Когда-то давно, еще во времена учебы на курсе психологии они обсуждали иррациональные страхи, ставшие своеобразным блоком на сознании. Эти страхи не поддавались рациональному мышлению, то есть обычной логикой нормальной для большинства людей, не разрушались и не корректировались.
Но еще Дима точно помнил, что также должен присутствовать травмирующий фактор, который эти страхи усугубляет и не дает с ними бороться традиционными методами. Если предположить, что таким фактором для Тани стали, собственно, рождённые дети… Дело дрянь, и это, мягко говоря.
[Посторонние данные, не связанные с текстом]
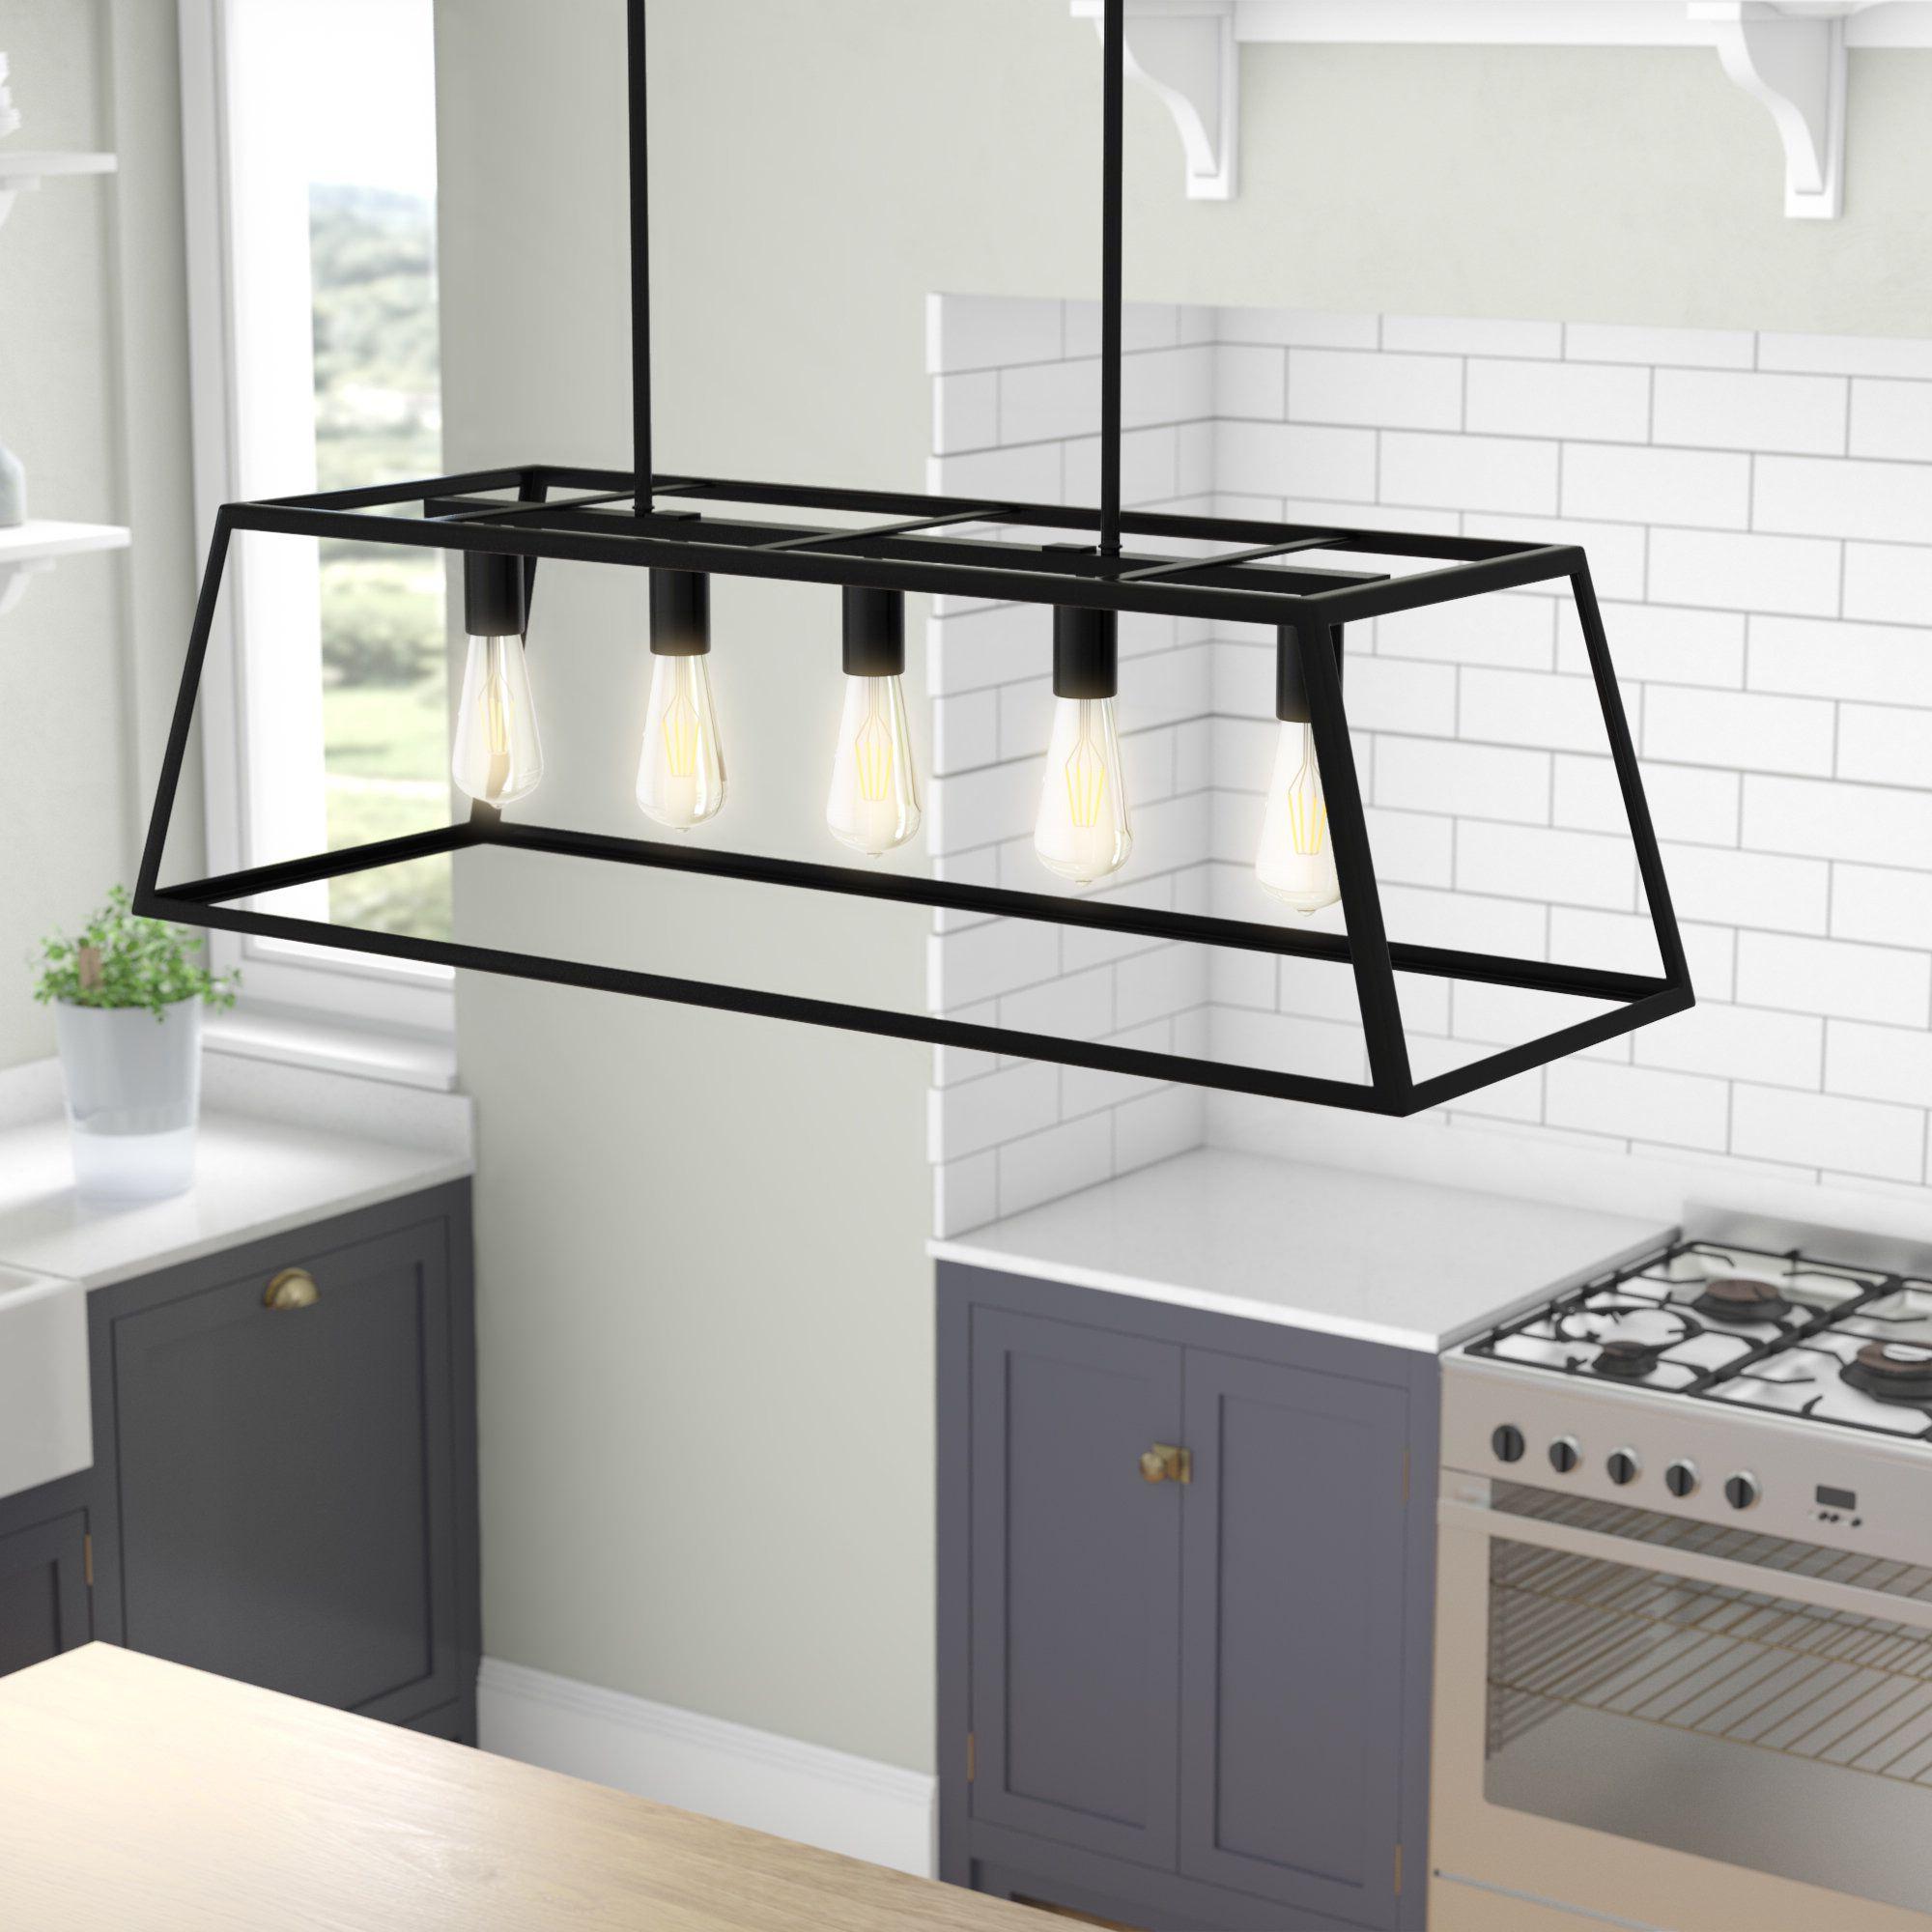 Best and Newest Jefferson 4-Light Kitchen Island Linear Pendants regarding Wicklund 5-Light Kitchen Island Pendant
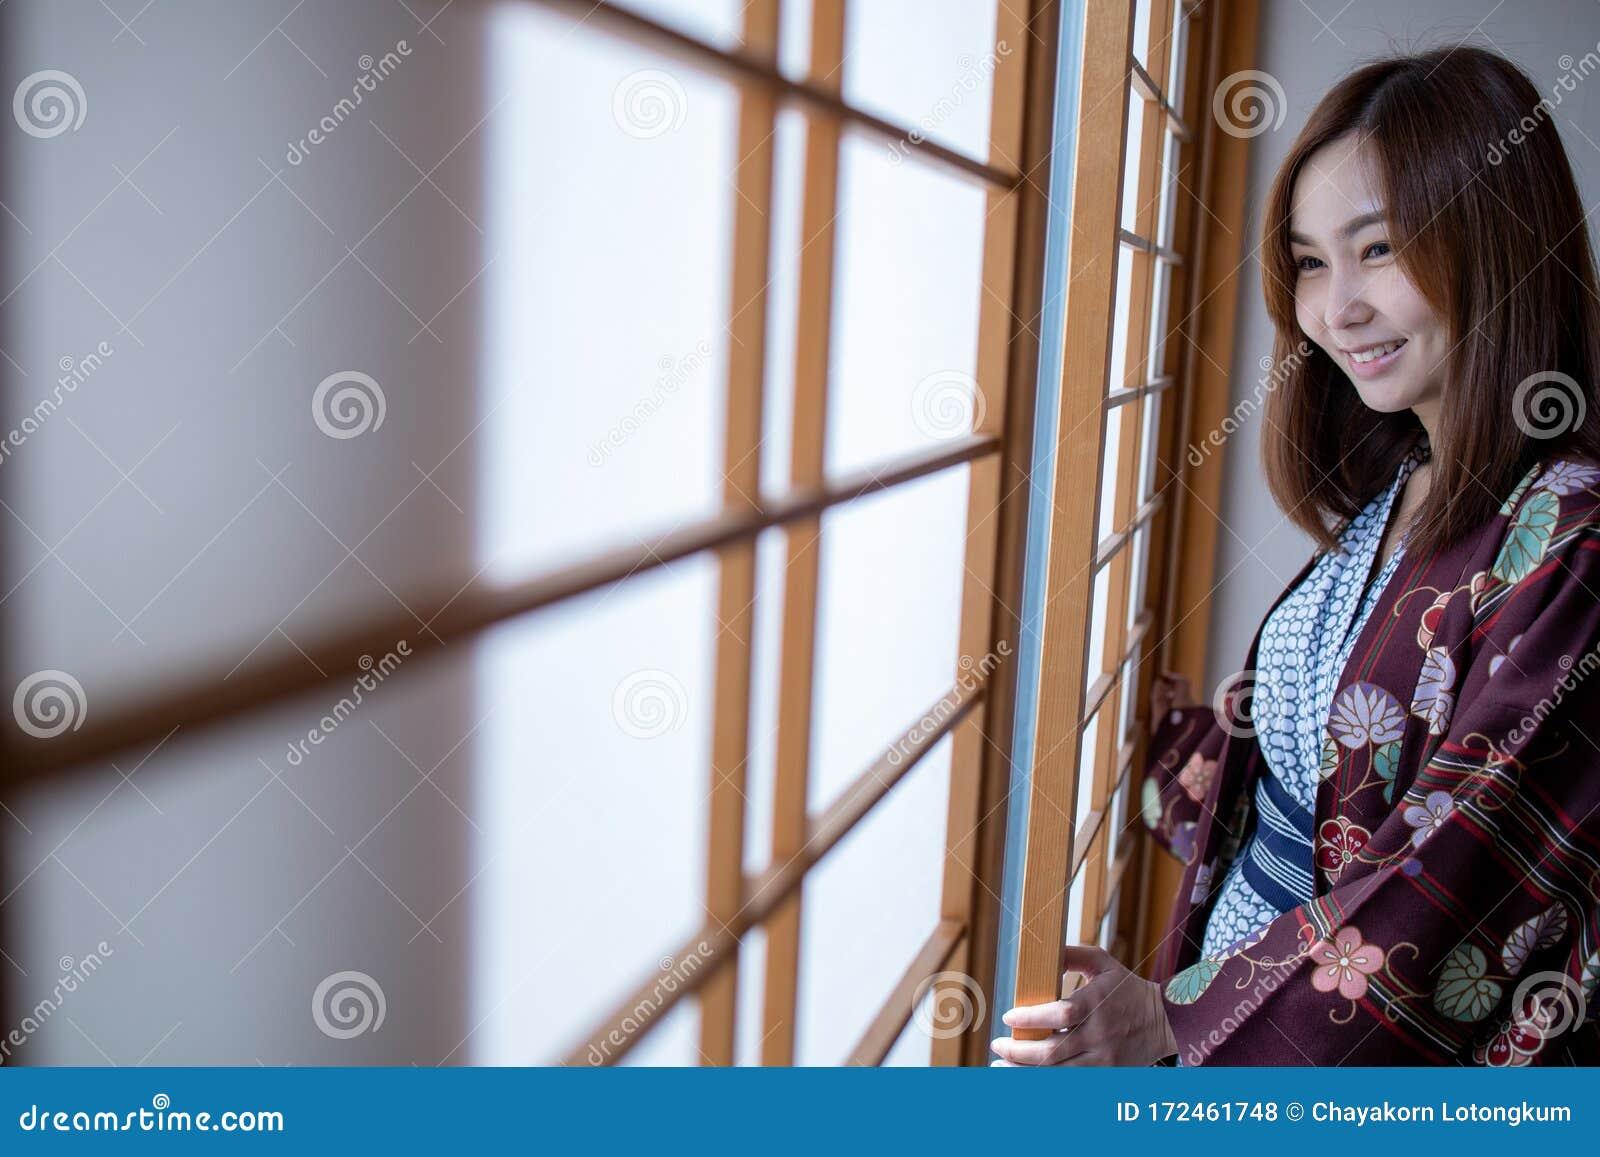 Asian girl wearung tampon gallery

Рассуждал об этом, пока шел обратно, пока отогревался в машине, а затем и в гостиничном номере.
Все думал и думал.
Только эти самые думы были отвлекающим фактором или скорей напоминанием, что пригвоздило его к спинке стула гвоздями и не давало сдвинуться с места в направлении Таниного дома.
Кажется, такого права, свободно приехать к ней, он сам себя лишил несколько часов назад.
Только и в номере отеля, пусть и класса люкс сидеть было невыносимо.
Показушная роскошь внутренней отделки раздражала неимоверно. Вся эта позолота на лепнине, много зеркал, мебель из мореного дуба, репродукции картин маринистов. Несколько комнат, выдержанных в стиле венецианской роскоши…тошнотворно до дурноты, отвратительно.
Все в мире сейчас было отвратительным, и он сам в первую очередь. Ощущал себя мерзким, никчемным ублюдком, хотя мать родила его в браке, так что, чисто с фактической точки зрения ублюдком он не являлся.
Охрана оставалась за дверью в общей гостевой, а он был в спальне, когда услышал, как зазвонил мобильник.
«Абонент Танюшка».
В миг ком встал в горле, губы пересохли, сердце прострелило мгновенной болью, отголоски которой прокатились по всему телу волной боли, ноющей, противной, мерзкой, как и он сам.
– Таня? – стоило только нажать на зеленую шашечку на сенсорном экране, поднести телефон к уху, и в нем все снова замерло, внутри оставалась только боль вперемешку с виной, пришлось прокашляться и повторить, – Таня?
– Это я.
– Кирилл? – переспросил, сильнее сжимая телефон, ноги позорно перестали его держать. Господи! Только не это! Прошу только не со мной!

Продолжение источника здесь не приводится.